Однако эксперименты показали, что верно обратное, если, конечно же, психолог достаточно подготовлен, чтобы помочь визуализации вспомогательными символами тогда, когда визуализация «увязает» или становится слишком устрашающей.
Исследованиями установлено, что символы обрабатываются в правом полушарии. Также считается, что психосоматическая симптоматика тоже зарождается в правом полушарии. М. Эриксон и Э. Росси предположили, что поскольку «симптомы являются сообщениями на языке правого полушария, то использование метафор и символов позволит напрямую общаться с правым полушарием на его собственном языке».
Клинический опыт показал, что источник большинства психологических нарушений лежит в психологическом пространстве на инфантильном или примитивном, и в основном, на предсозна-тельном уровне. На этом уровне мышление как раз и происходит в основном на языке символов, И таким образом понятно, что неразрешенные конфликты детства наилучшим образом и наиболее простым способом могут решаться при помощи работы с этими символами.
Эксперименты также показали, что между символом и стоящим за ним бессознательным эмоциональным конфликтом устанавливается тесная функциональная связь. Символический язык может использоваться бессознательным для обхода социальных запретов, когда нужно довести до индивидуума какую-либо информацию, но сделать это прямо нельзя из-за запрета СверхЯ осознавать эту потребность. По этому поводу Э. Джонс сказал: «Только то, что вытеснено, нуждается в символическом представлении. Этот принцип считается краеугольным камнем психоаналитической теории символики».
Академик Л.Г. Выготский утверждал, что язык символов возникает уже на первом году жизни ребенка. Видимо растущий и набирающий опыт человечек начинает захлебываться в информации, которая поступает через органы чувств. И изобретает некие символы, каждый из которых является обобщенным обозначением целого пласта личностного опыта.

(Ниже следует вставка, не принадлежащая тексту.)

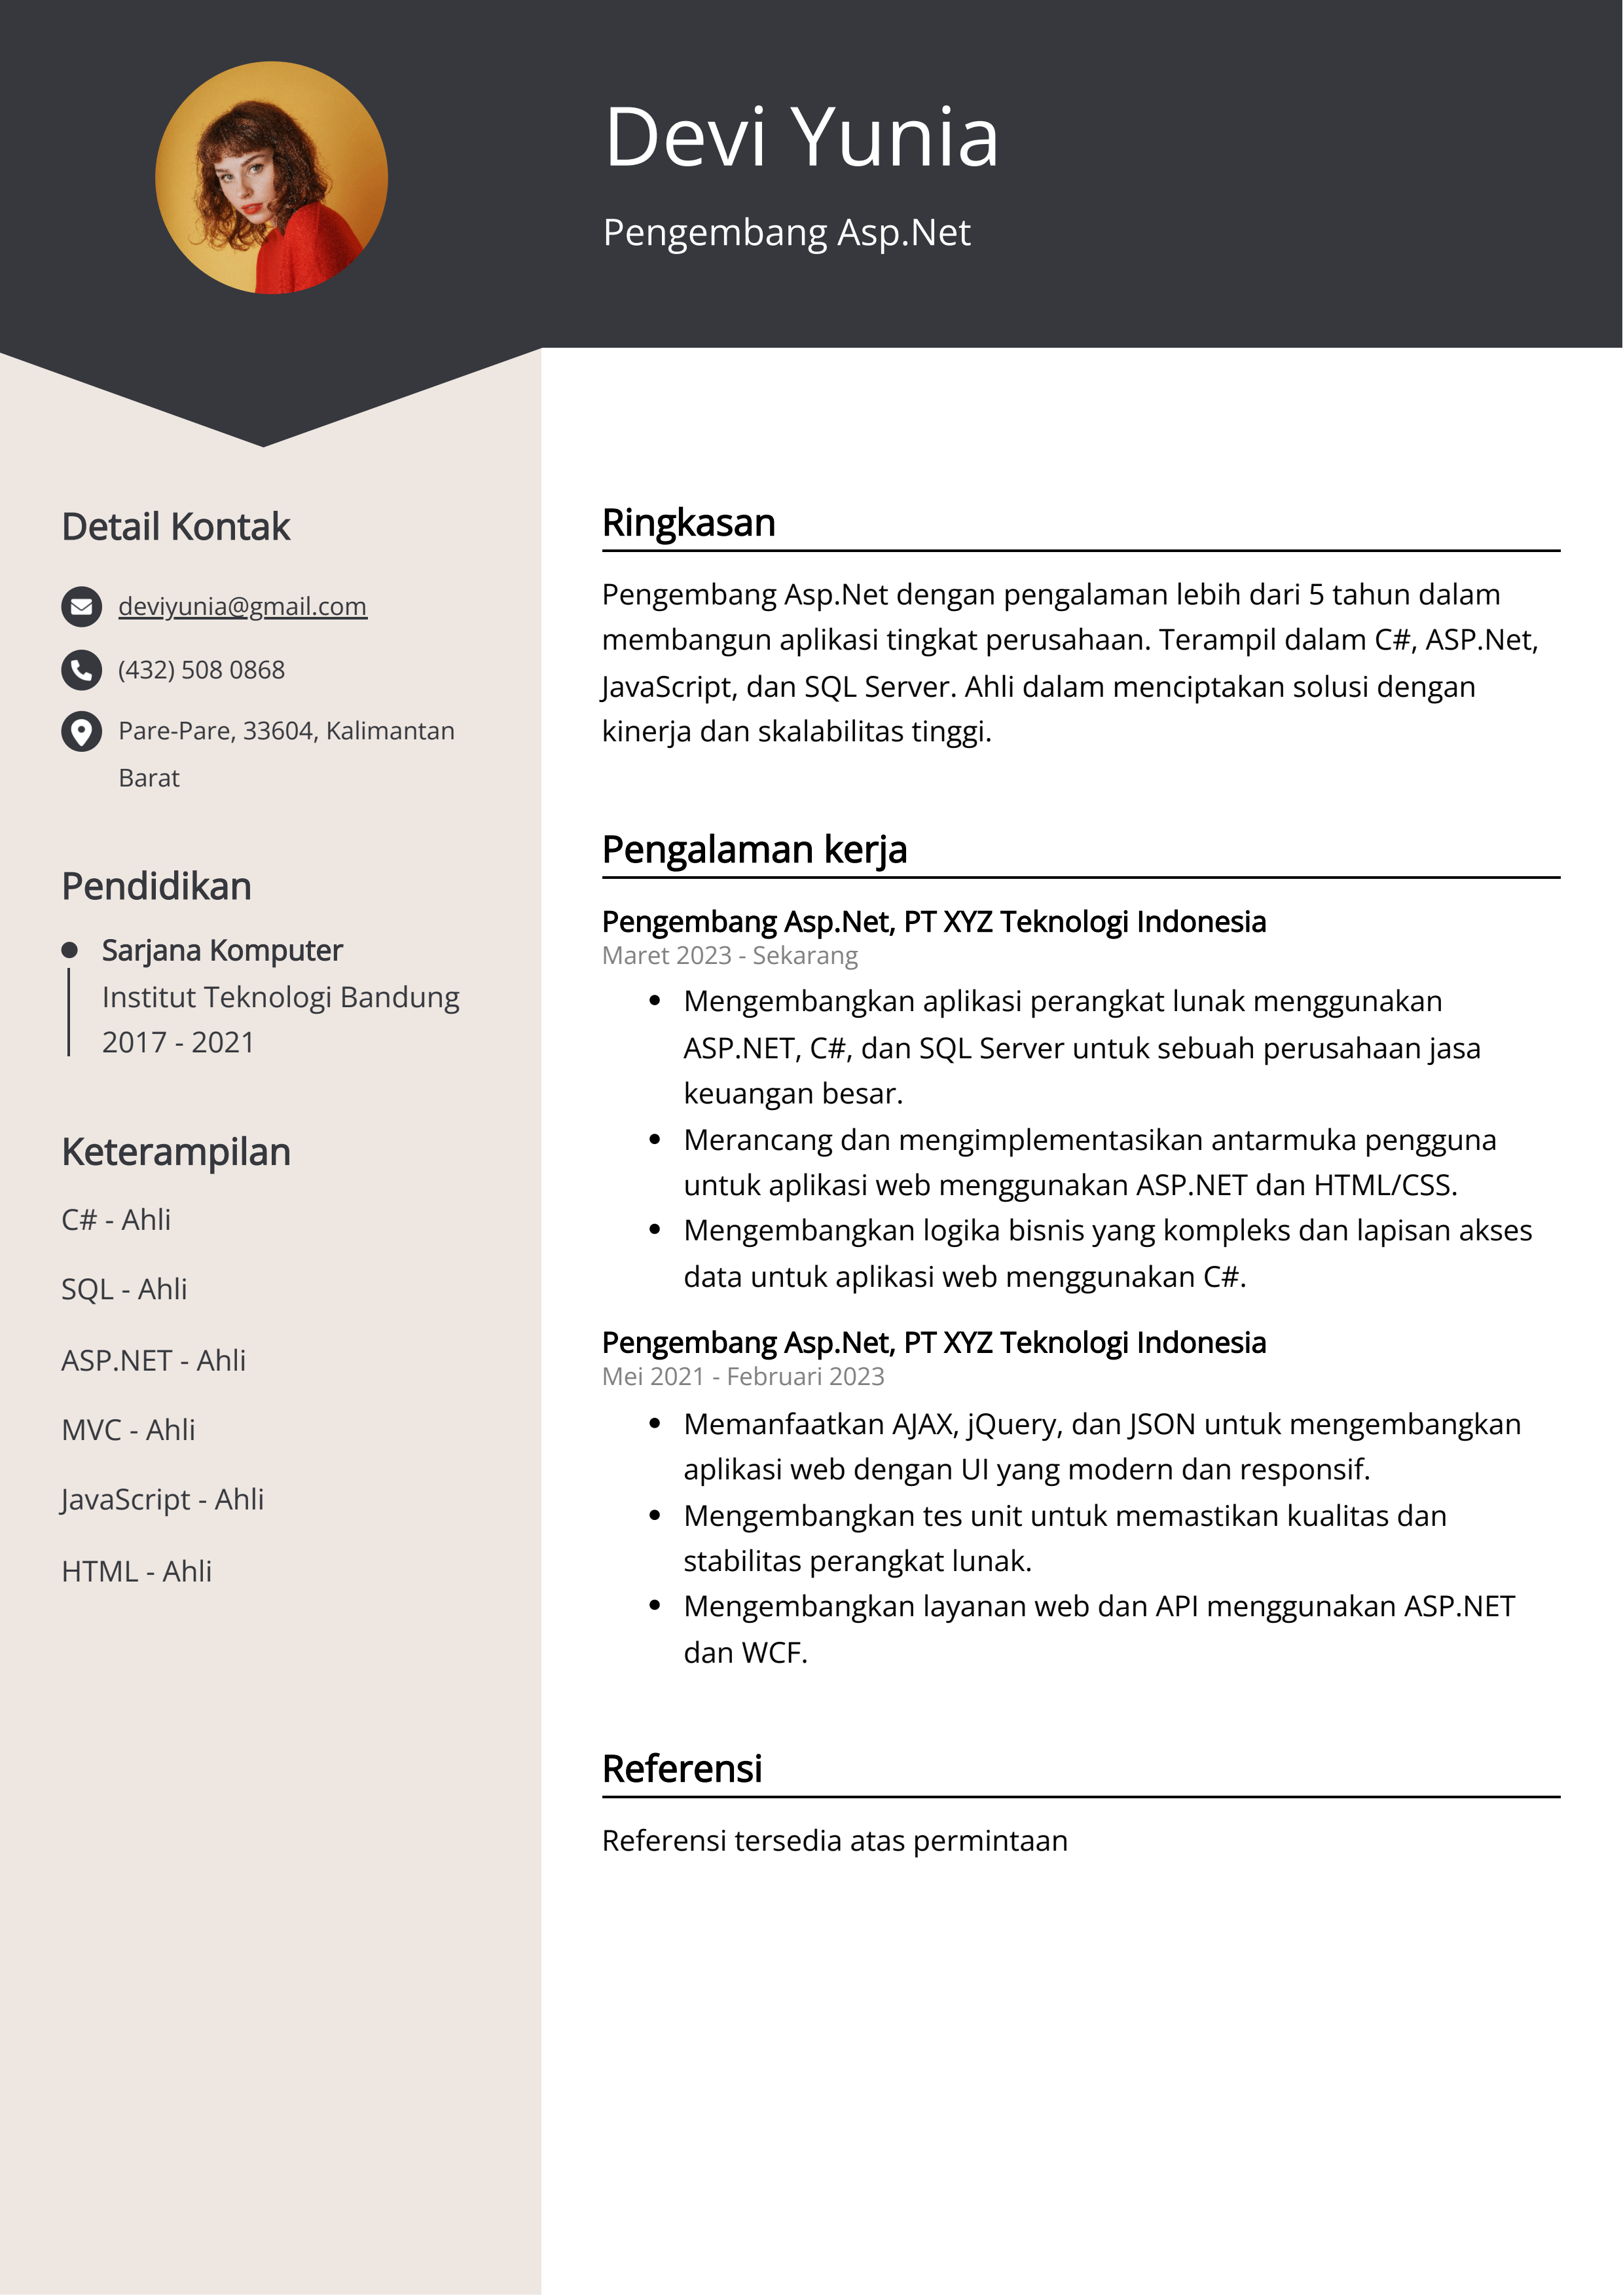 Contoh Resume Pengembang Asp.Net
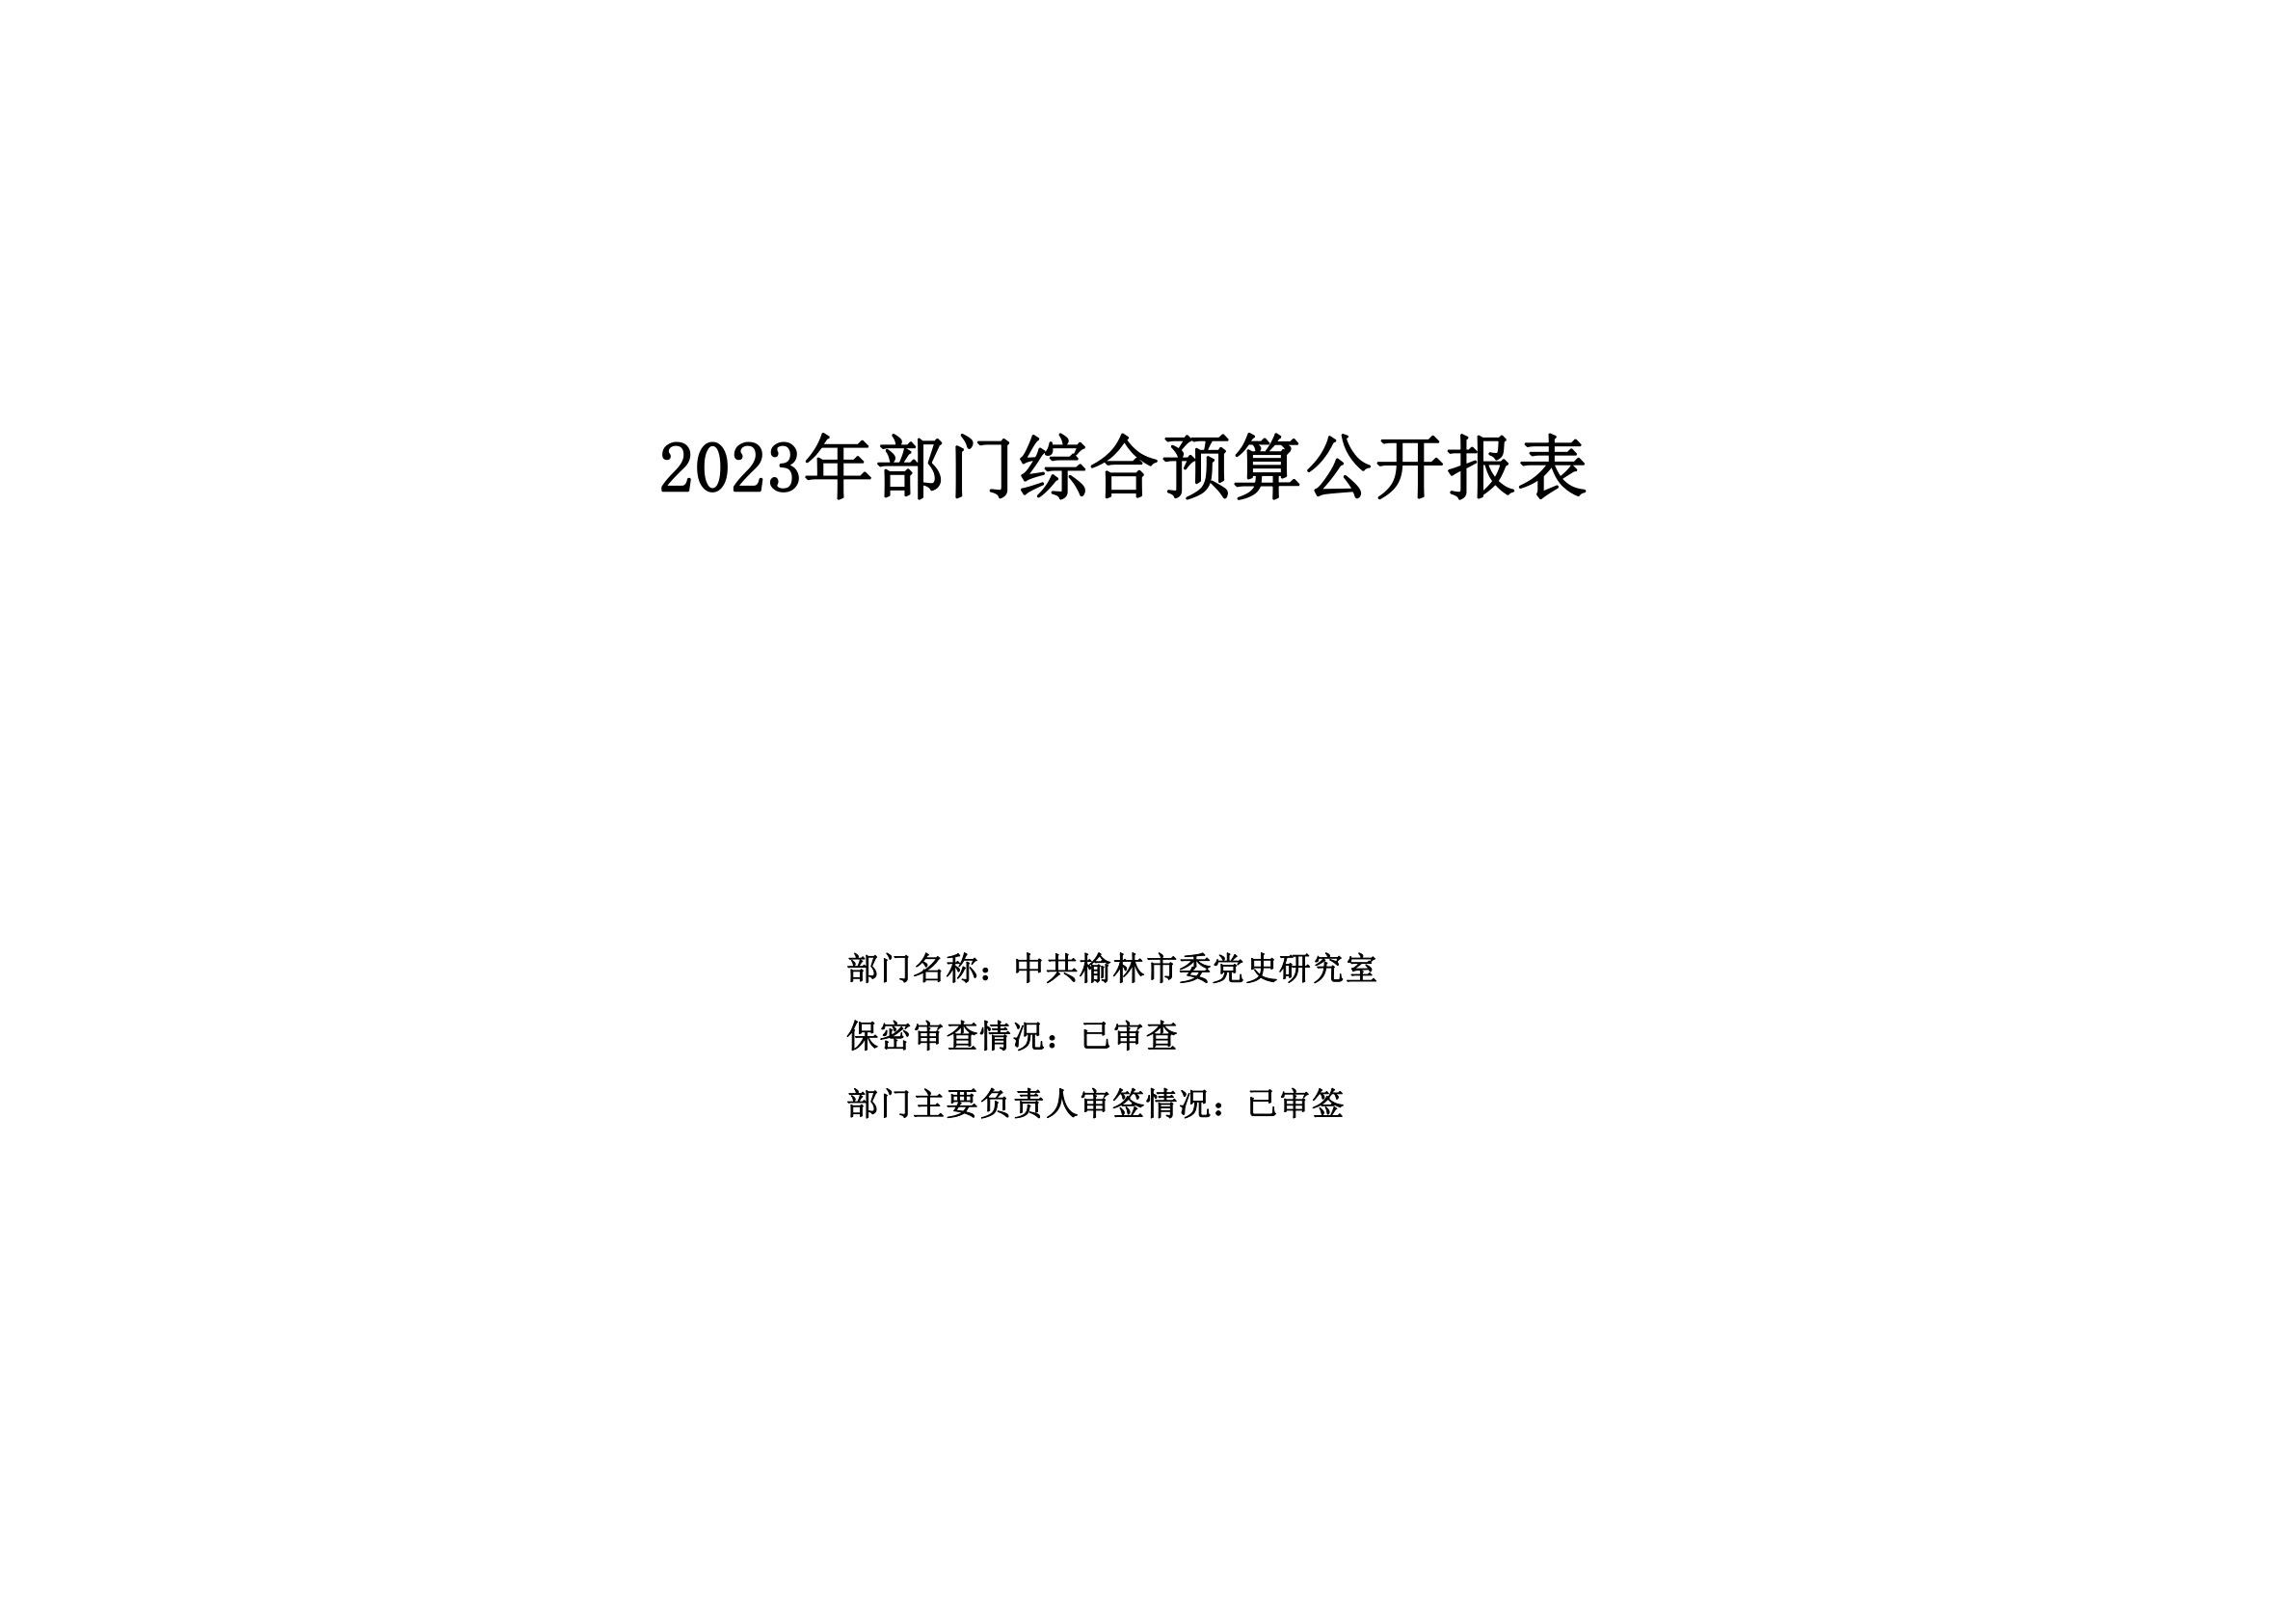 2023年部门预算公开-中共榆林市委党史研究室-最终_11.jpg

В основе языка универсальных символов лежат свойства нашего тела, ощущений и разума. Именно он, этот язык универсальных символов, и есть единственный общий язык, созданный человечеством. Как показывают исследования, он практически одинаков у всех народов и рас.
Вся наша жизнь пронизана символизмами. Даже мельчайшие детали одежды, речи и поведения являются сигналами. Например, тот, кто пользуется хотя бы элементами блатного жаргона, через них говорит окружающим, что я внутренне такой, мне это нравится. Весьма информативны разрезы на юбках и глубокие декольте. Мы зачастую таким образом используем символику для отождествления себя с тем образом Я, который нам нравится.
O. Ранк и Х. Закс считают, что: «Символ — это последнее, благодаря особой пригодности для прикрытия бессознательного и благодаря своему приспособлению к новым содержаниям сознания, предпочтительно используемое повсюду средство выражения вытесненного. Мы понимаем под этим особый способ непрямого изложения, который отличается от близких к нему других способов непрямого изложения — притч, метафор, намеков и других форм изложения мысли по типу ребуса (образной загадки).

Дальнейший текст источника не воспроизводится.